Somalia on the edge
The Mayor of Mogadishu by Andrew Harding St Martin’s Press 304 pages R206 at takealot.com
This book by Andrew Harding, one of the BBC’s most experienced foreign correspondents, makes for fascinating reading. The account of the unravelling of Somalia homes in on Mogadishu, the capital, and the life of Mohamed “Tarzan” Nur and his family, but there is a large cast of characters and the book roams widely over space and time. Right off, we are introduced to the “beasts still prowling the streets of the capital: terror, corruption, clan conflict, extremism and, chasing at their tails, the lingering fear that Somalia is merely flirting with stability”. And the suspicion is borne out when, in 2014, a particularly vicious attack takes place.
Tarzan has just walked through the doors of a mosque full of worshippers when an attack begins. As mayor of Mogadishu, Nur is no stranger to attacks and assassinations, and he makes his way to the front of the mosque, convinced that the shooting is “outgoing”. But the shooting is in the mosque and a man right next to Tarzan is killed. The attack is claimed by fundamentalist group al-Shabaab as a move against “infidels”, while the president asserts defiantly that the group remains “on the brink of extinction”.

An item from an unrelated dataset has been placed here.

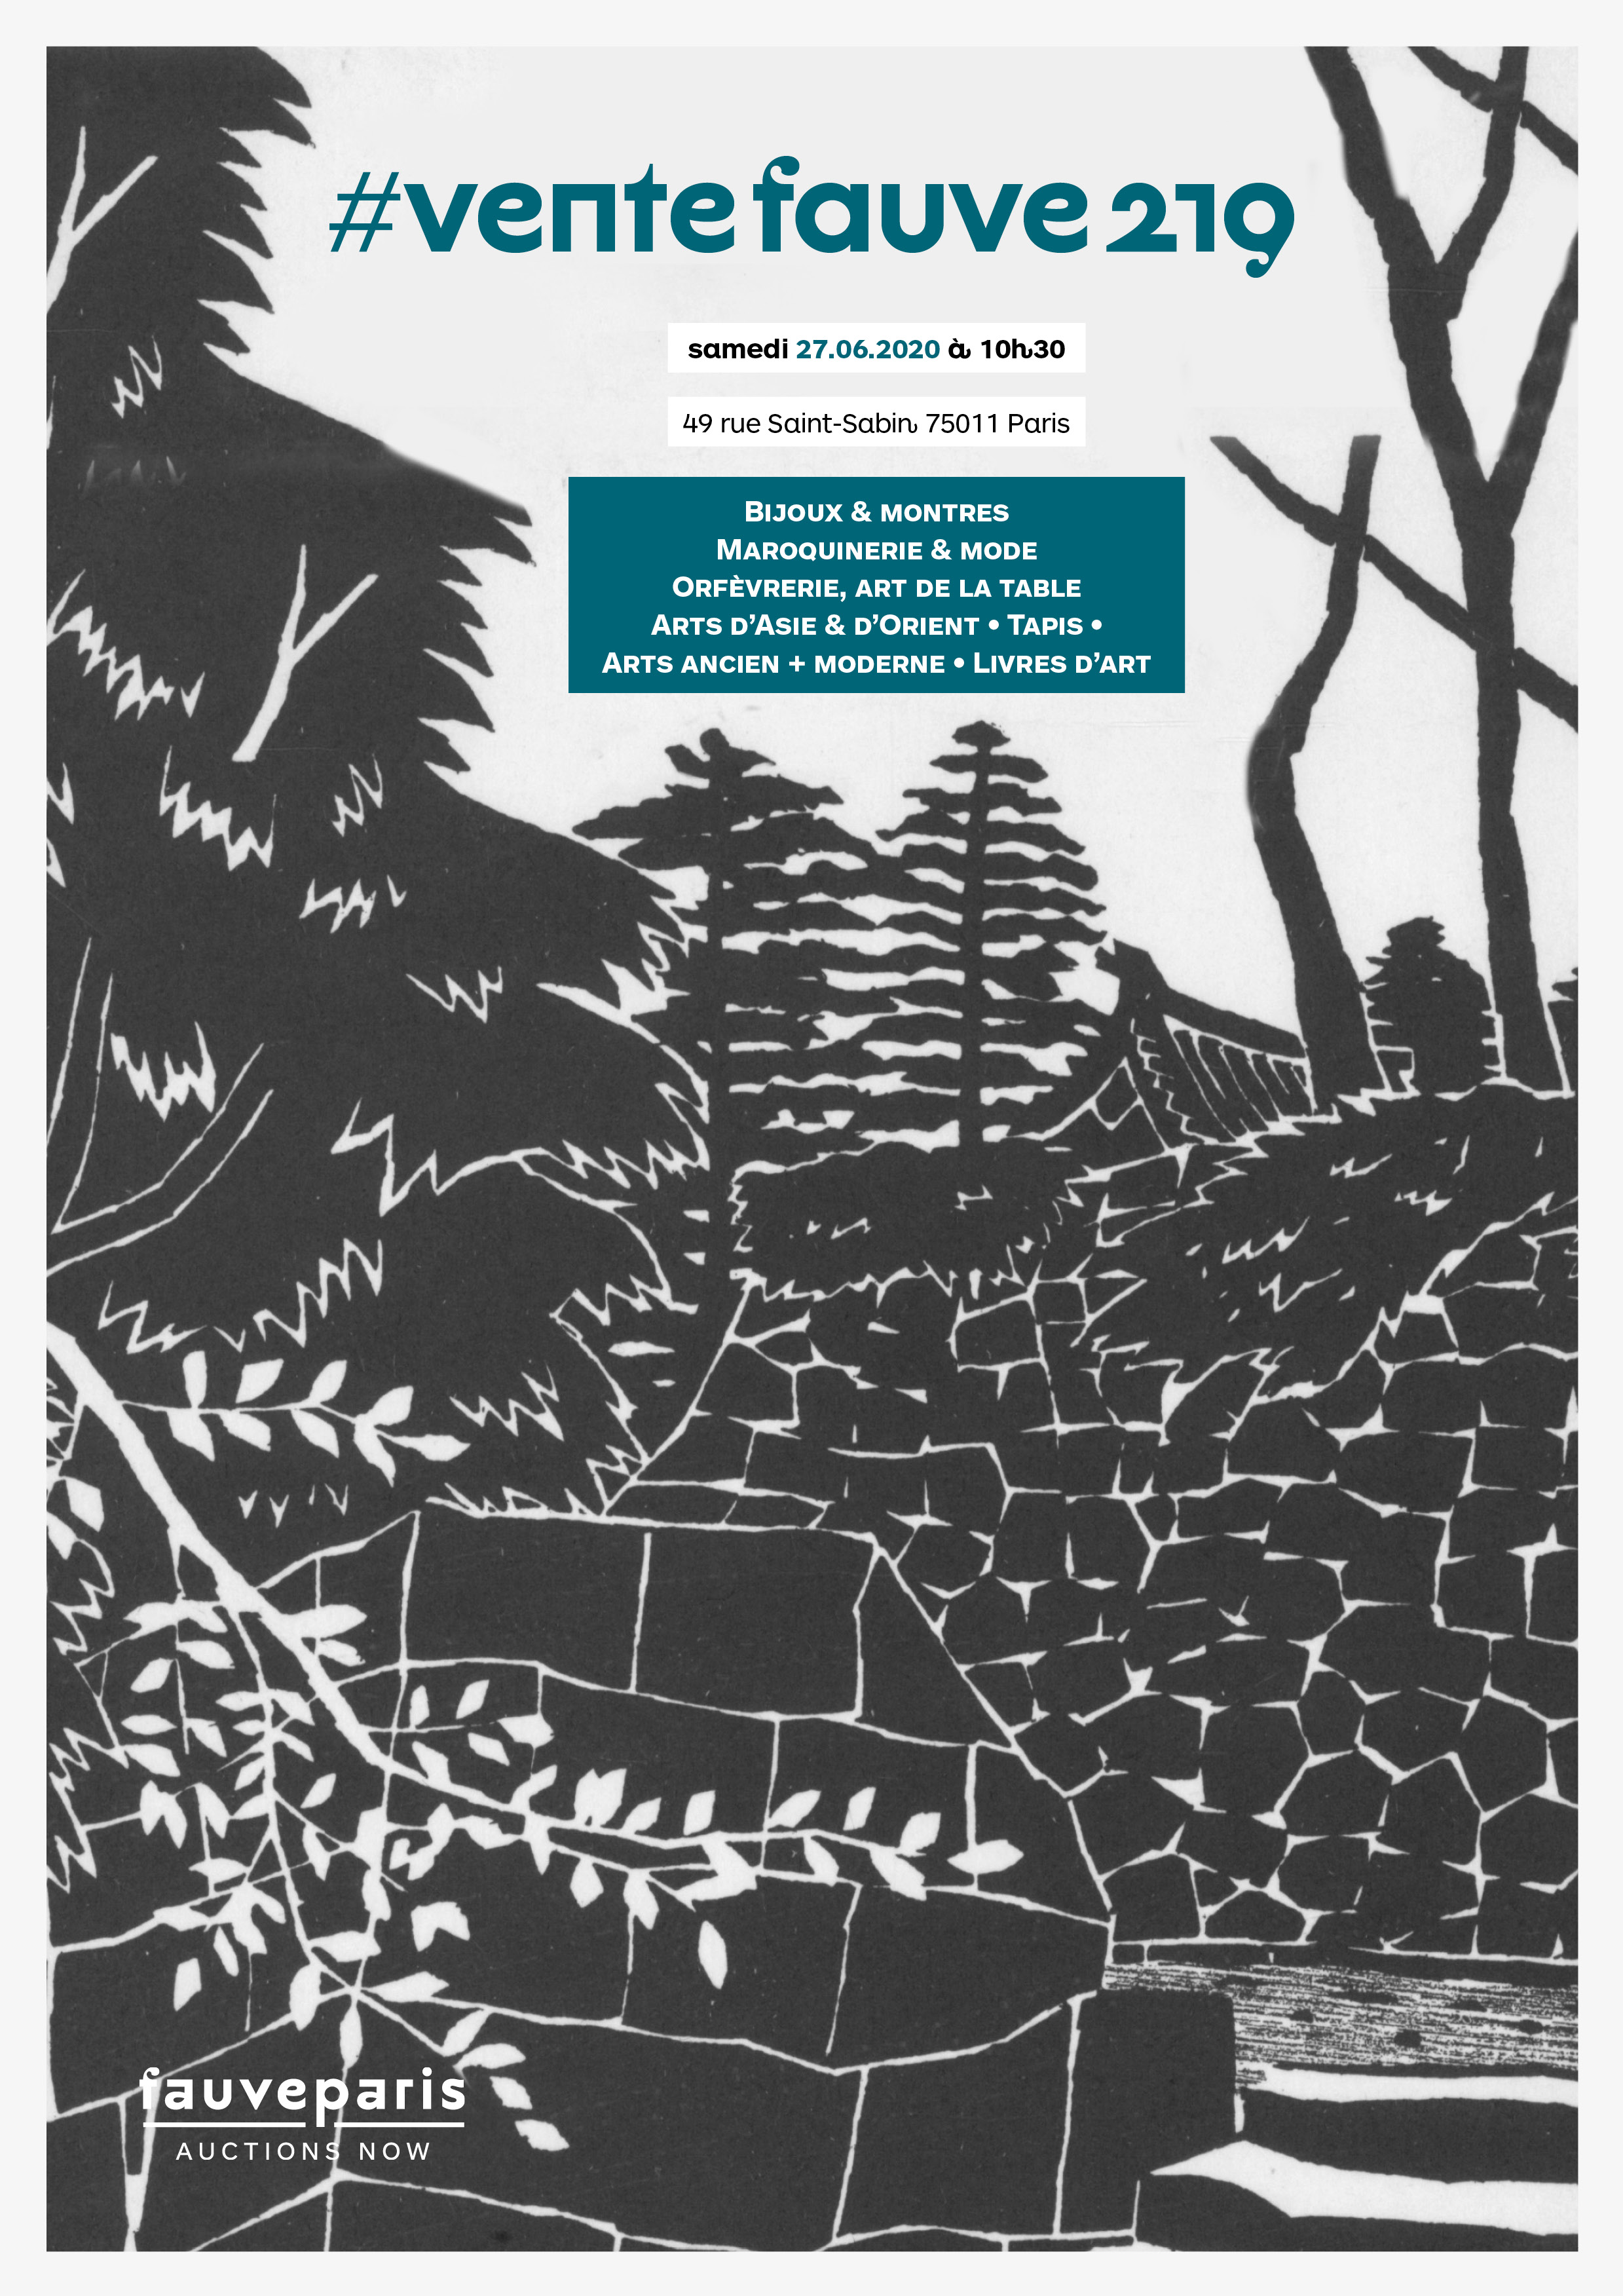 Vente #VenteFauve219 : Bijoux, Maroquinerie, Orfèvrerie, Arts d'Asie & d'Orient, Tapis, Arts ancien & Moderne, Livres chez FauveParis : 66 lots

This microcosm of many such incidents is the reader’s introduction to the chaos and anxiety of life in Somalia, and Harding cleverly anchors it in the person of Tarzan, who some see as a “callow, corrupt survivor”, and who others see as a kind of saviour. But for Harding, “his story is a thread that weaves its way through decades of upheaval – a glint worth following in a dark maze”.
The book is hugely instructive, drawing you into the complex history and culture of the country through the narrative in a compelling manner. Harding also includes a map, so the reader is reminded exactly of Somalia’s location between Ethiopia and Kenya. There are also nostalgic black and white photographs from old official guidebooks, Harding’s own photographs and those of other journalists and friends to add to our understanding of the time and place.
Tarzan’s brother, Yusuf, a university professor in the US, says of Somalia: “There are no records. So you can claim whatever you want.” And critics of Tarzan say that is precisely what he does, starting with his alleged birth in San Martino hospital in Mogadishu, when in fact he was born to nomads living in the Ogaden in Ethiopia who were “dirt poor”, according to Yusuf, following the rains and the fresh grass and tending their livestock.
Harding explains that it is the nomadic spirit that is key to understanding Somalia and the peoples’ proudly independent families, suspicion of outside authority, clan allegiances and arranged marriages.
How does Tarzan become mayor of Mogadishu in 2010? Through a long series of dislocations, years spent in exile in London and, finally, his return in June 2006 to do what he thought he could after years of anarchy and rule by competing warlords, when, for the first time in 15 years, the fighting stopped in Mogadishu. “You see, I was now the leader of the diaspora,” was Tarzan’s answer. The book follows no clear linear pattern and the occasional dislocation mirrors the sense of what most Somalis must have experienced in this period, and probably still are experiencing. Harding is realistic about Somalia today. He says it has begun to make measurable progress in that it has an army and a government, and that piracy has been stopped. Also, al-Shabaab control less territory, there is oil offshore, and a talented and wealthy diaspora.
He ends on a positive note, saying that pessimism would seem like a crime, and that the worst must surely be over. The book leaves us intrigued, and so much more informed, as well as sympathetic to the struggles of ordinary people in the wake of greed and corruption.